Previous studies have implicated the TGF-β pathway and IL-1α actions in OM pathogenesis. In rat models of OM, microarray experiments have revealed that bacterial OM rather than Eustachian tube obstruction drives TGF-β signalling. Furthermore, NTHi OM rather than S. pneumoniae OM resulted in more potent middle ear granulation tissue formation [41]. In a large Western Australian cohort study of non-Aboriginal children, single nucleotide polymorphisms within FBX011, a gene that regulates TGF-β signalling, have been associated with severe OM [42]. In vitro studies have demonstrated that NTHi induces the secretion of IL-1α by human middle ear epithelial cells and that this acts synergistically with NTHi to upregulate HBD2 mRNA transcription [17]. Surprisingly, in our analysis, levels of TGF-β1, 2 and HBD2 were similar between all children and there was no association with bacterial otopathogen detection. However, HBD2 levels in MEE tended to be higher in children when otopathogen was also detected and this corresponded with significantly higher levels of IL-1α. We acknowledge that these unexpected results could be due to the fact that TGF-β1, 2, and 3 were measured in MEE from a small number of children in this study and thus not powered enough to see small differences. However, it is also possible that the TGF-β pathway is not a key player in children with a history of rAOM with potent inflammatory responses and perhaps, as Mulay et al., suggest TGF-β is more important in epithelial remodelling after resolution of inflammation [15].

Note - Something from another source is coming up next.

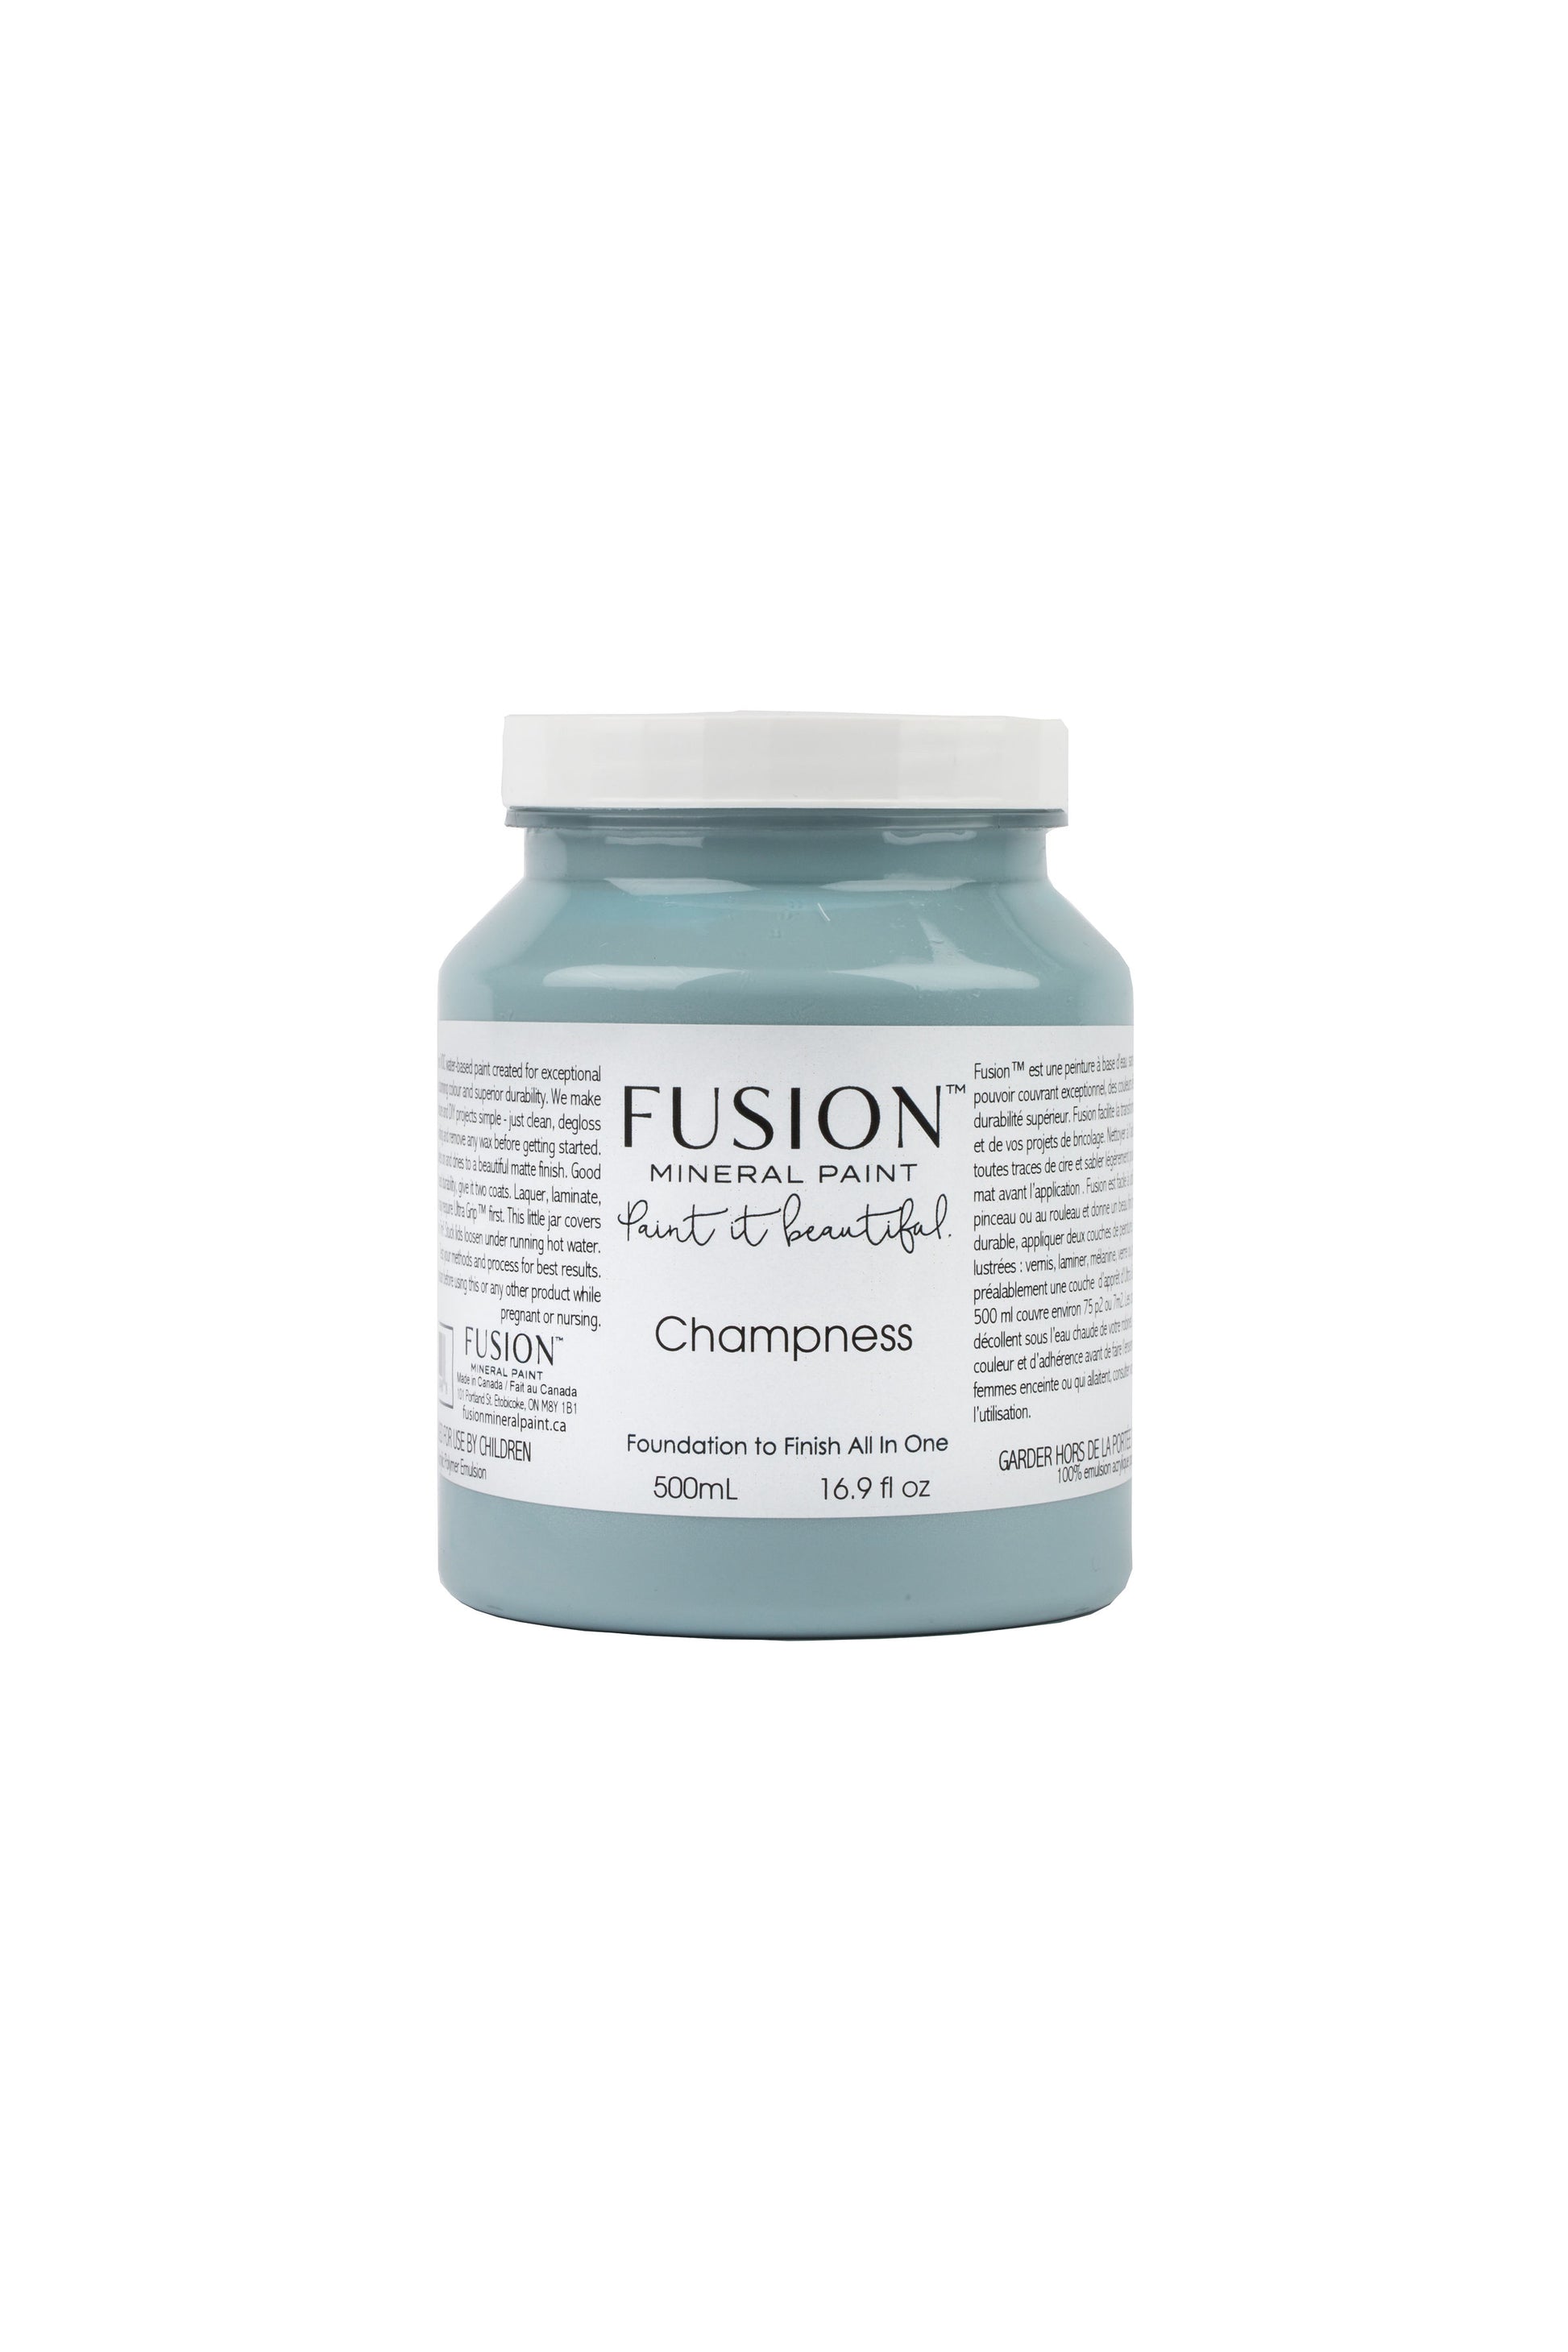 Champness Fusion Mineral Paint, Light Blue Paint Color | 500ml Pint Size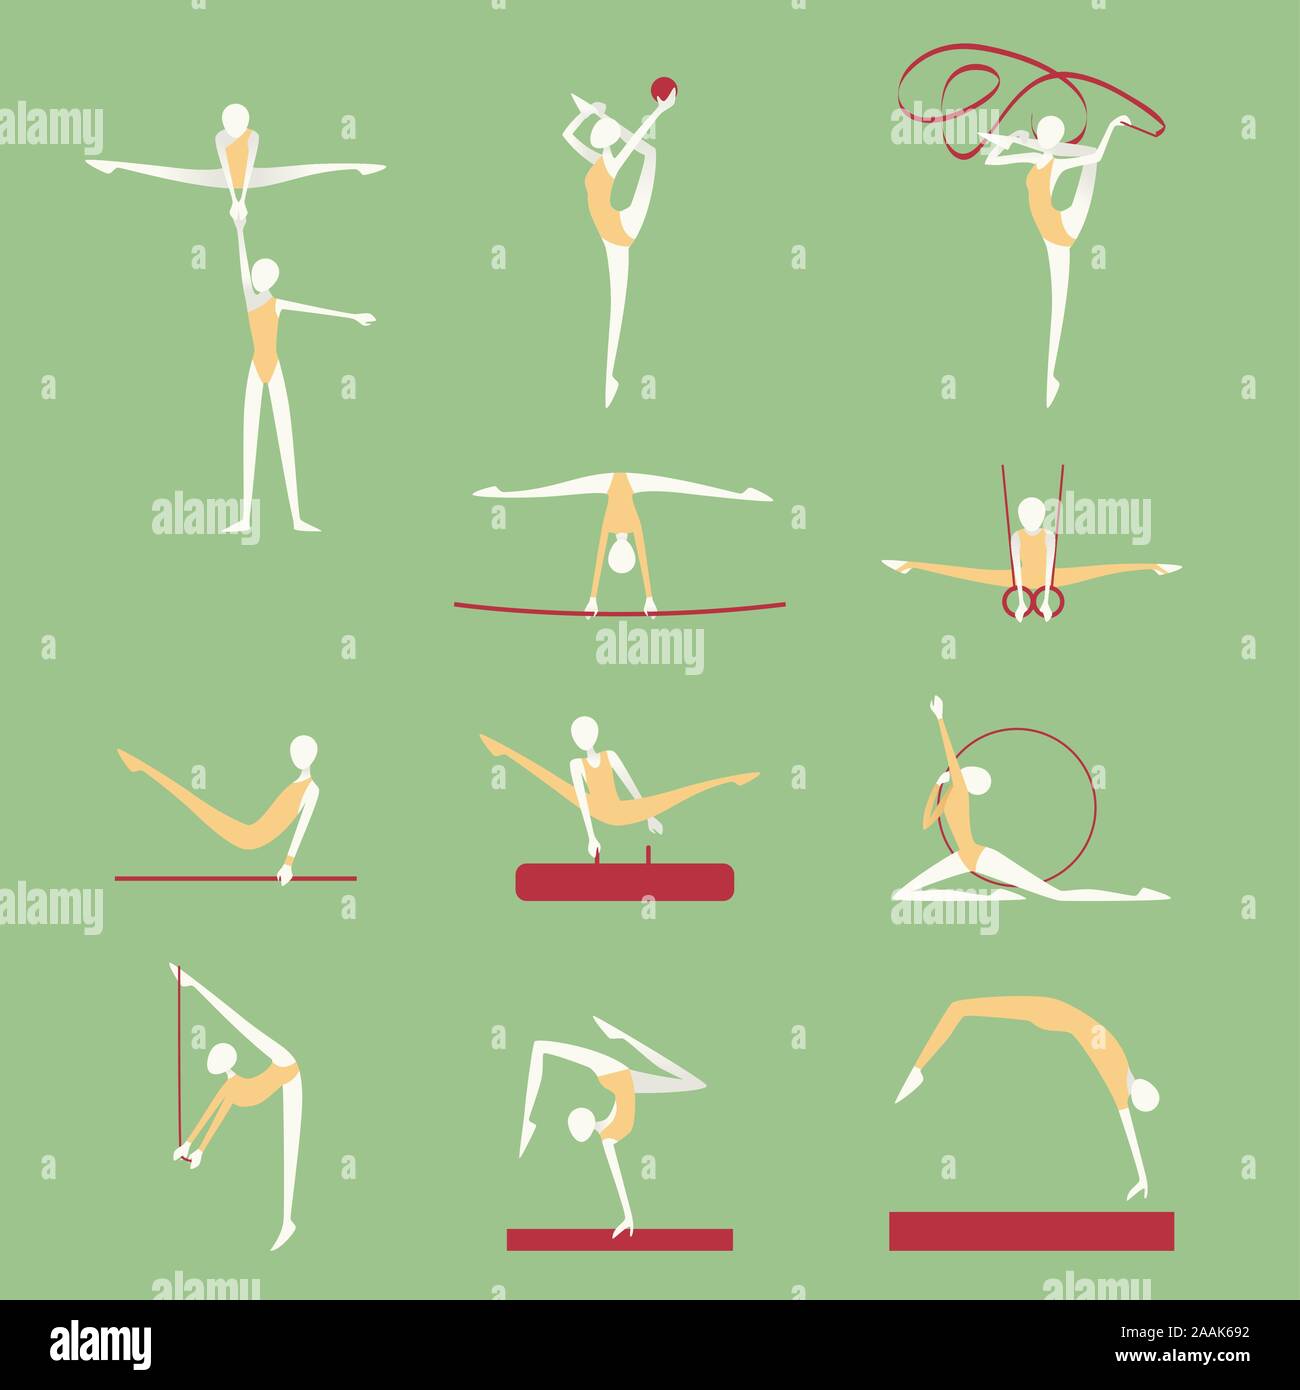 Gymnastics & Athletics Poses Positions Icons. Vector illustration cartoon. Stock Vector

The higher concentrations of AMPs and inflammatory cytokines associated with bacterial otopathogen detection in our study may be indicative of more severe or persistent disease and the presence of non-resolving NETs [8]. Although it should be noted that children with otopathogen negative MEE had some degree of clinical inflammation otherwise it would not have been possible to obtain MEE from these children. This could be due to other species of bacteria that were not measured or from viral pathogen exposure, as nucleic acid from common upper respiratory tract viruses were frequently detected in MEE from children without bacterial otopathogen. It is also well known that respiratory viruses can cause AOM in the absence of bacterial co-infection [5]. Even in the few studies where cytokines have been measured in MEE from children with OM in which bacterial versus viral aetiology was not determined, high levels of TNFα and IL-1β were correlated to more chronic OM [23, 24]. Furthermore`, higher levels of TNFα were found in MEE from children who had undergone repeat ventilation tube insertion [23], suggesting these children had more severe and recurrent disease. Similarly, in adults with COPD, higher levels of sputum LL-37, IL-8, TNFα, and a greater proportion of neutrophils were predictive of episodes of acute exacerbated COPD, the more severe form of COPD [37]. Most notably, resolution of inflammation following episodes of acute COPD exacerbation were associated with reduction or eradication of bacteria [43]. This may also hold true for children with recurrent and chronic OM where elimination of pathogenic bacteria from the middle ear will likely resolve inflammation, reduce disease chronicity and potentially even impact the high need for repeat ventilation tube insertion [44]. Thus, eliminating bacterial reservoirs from the middle ear of children with recurrent and chronic OM should be a major and continuing treatment focus.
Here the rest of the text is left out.